START GIVEN RECORDS

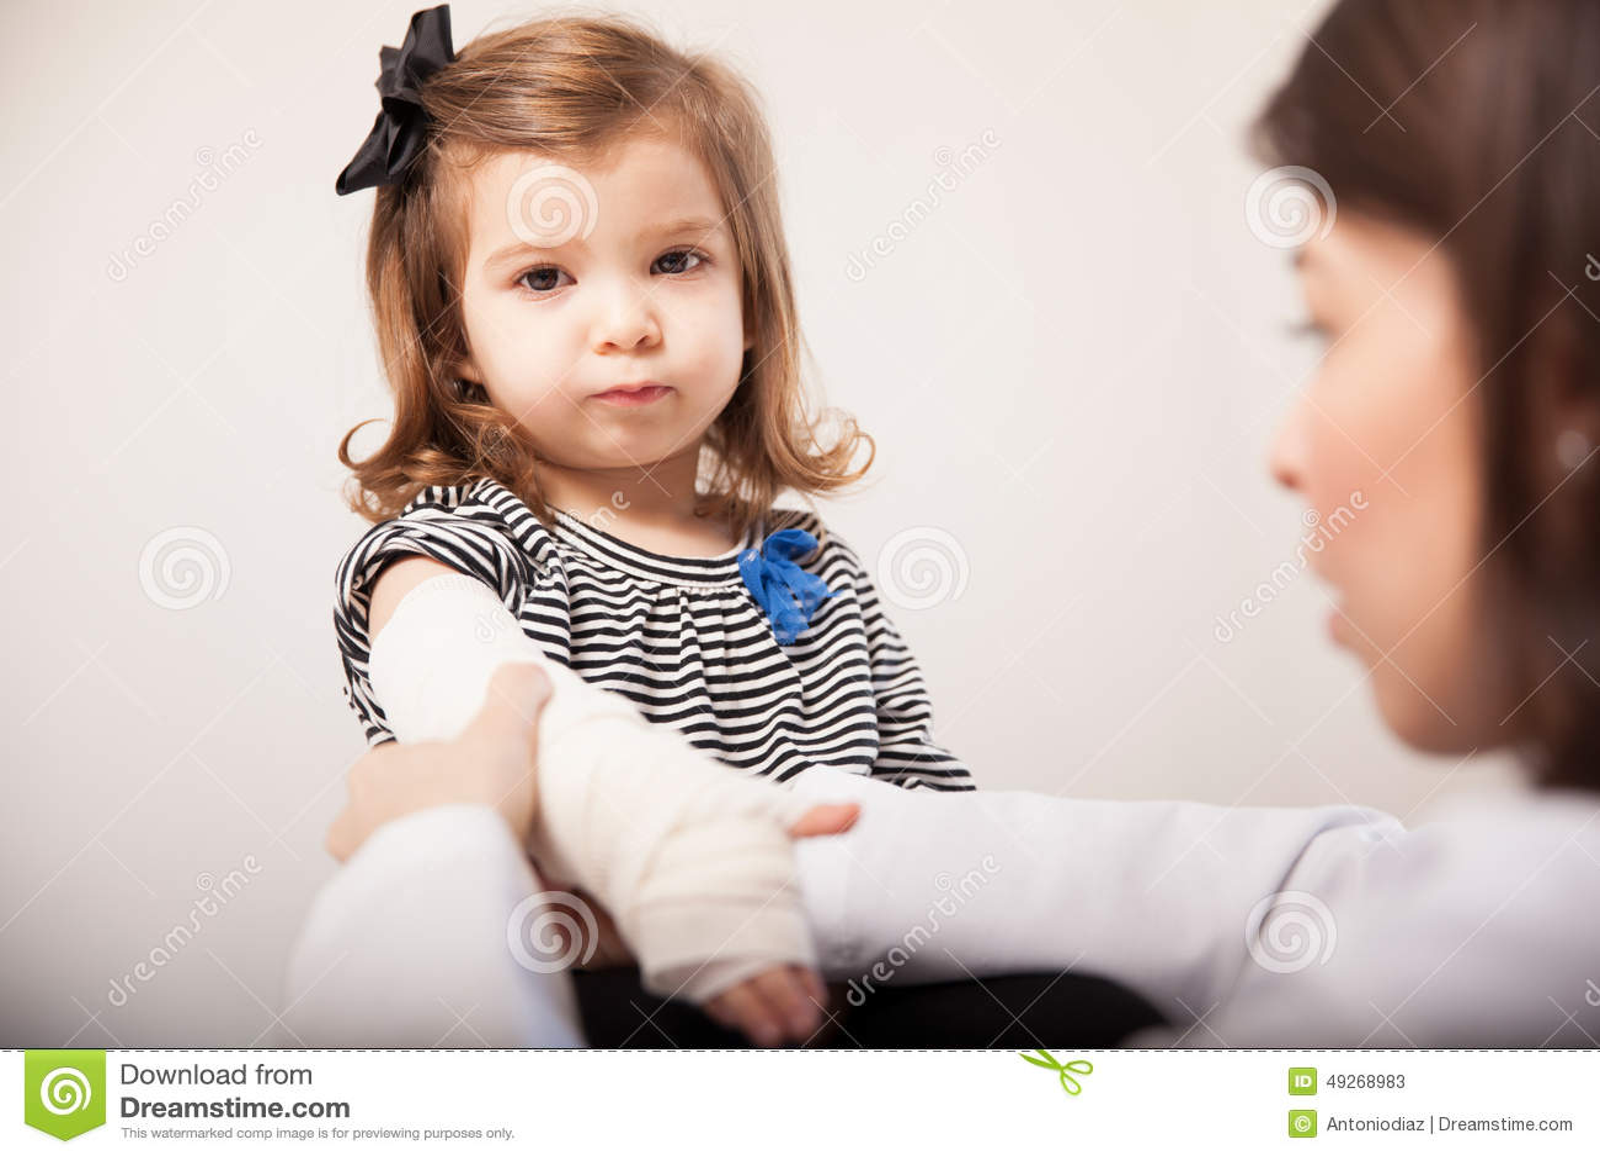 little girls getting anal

END GIVEN RECORDS
START GIVEN RECORDS

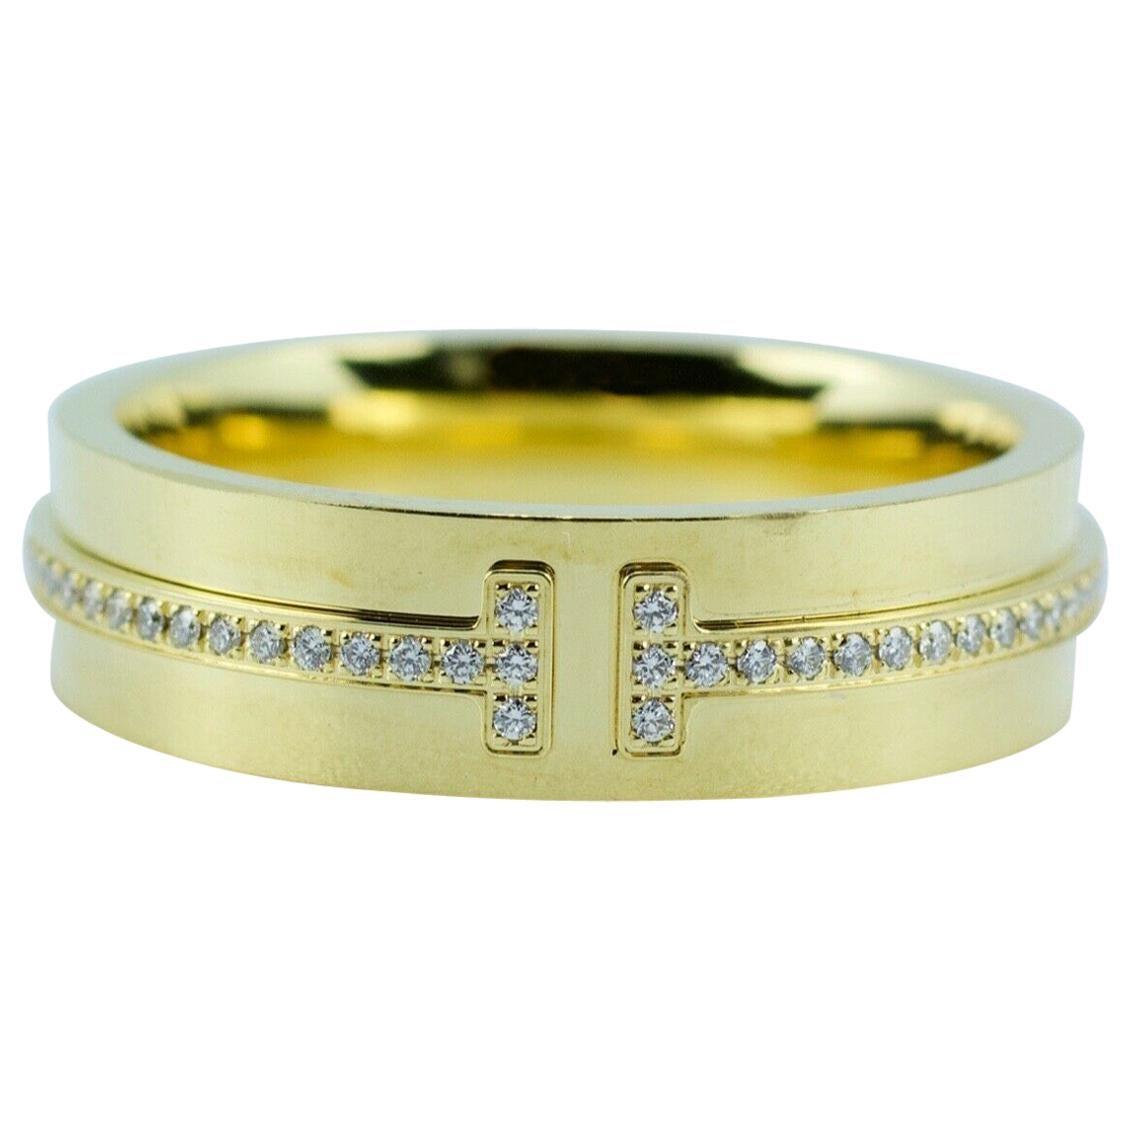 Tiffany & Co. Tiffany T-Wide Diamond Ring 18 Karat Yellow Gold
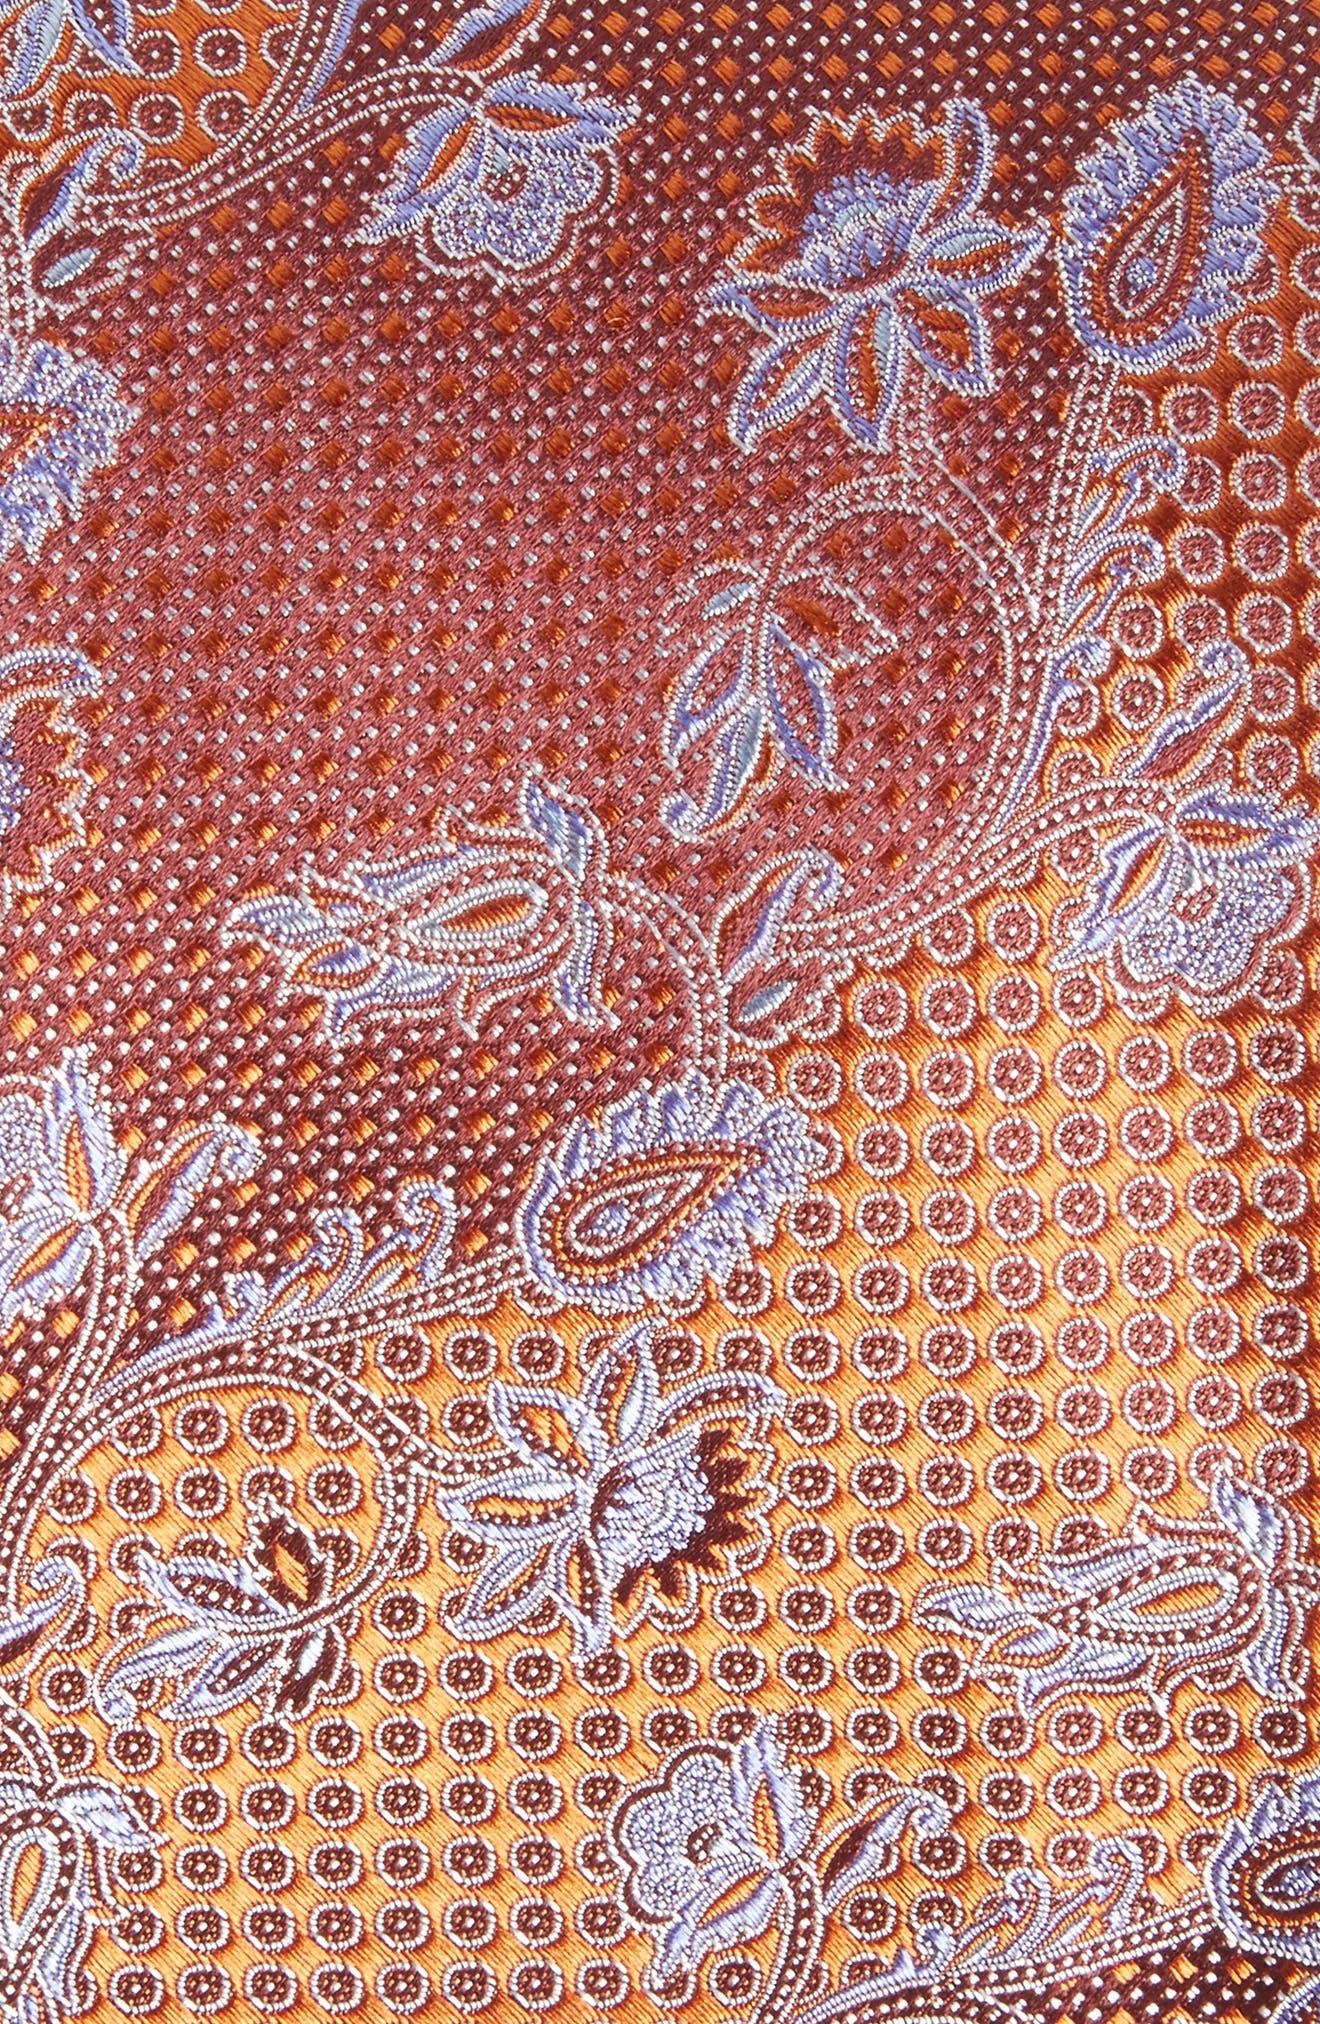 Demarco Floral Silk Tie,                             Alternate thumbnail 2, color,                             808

END GIVEN RECORDS

TASK TO COMPLETE -> Your answer should be the exact lines above from the one containing "Tiffany & Co." through the one containing "Demarco Floral Silk", with both end lines kept and the pictures removed, please.

REPLY ->
 Tiffany & Co. Tiffany T-Wide Diamond Ring 18 Karat Yellow Gold
 Demarco Floral Silk Tie,                             Alternate thumbnail 2, color,                             808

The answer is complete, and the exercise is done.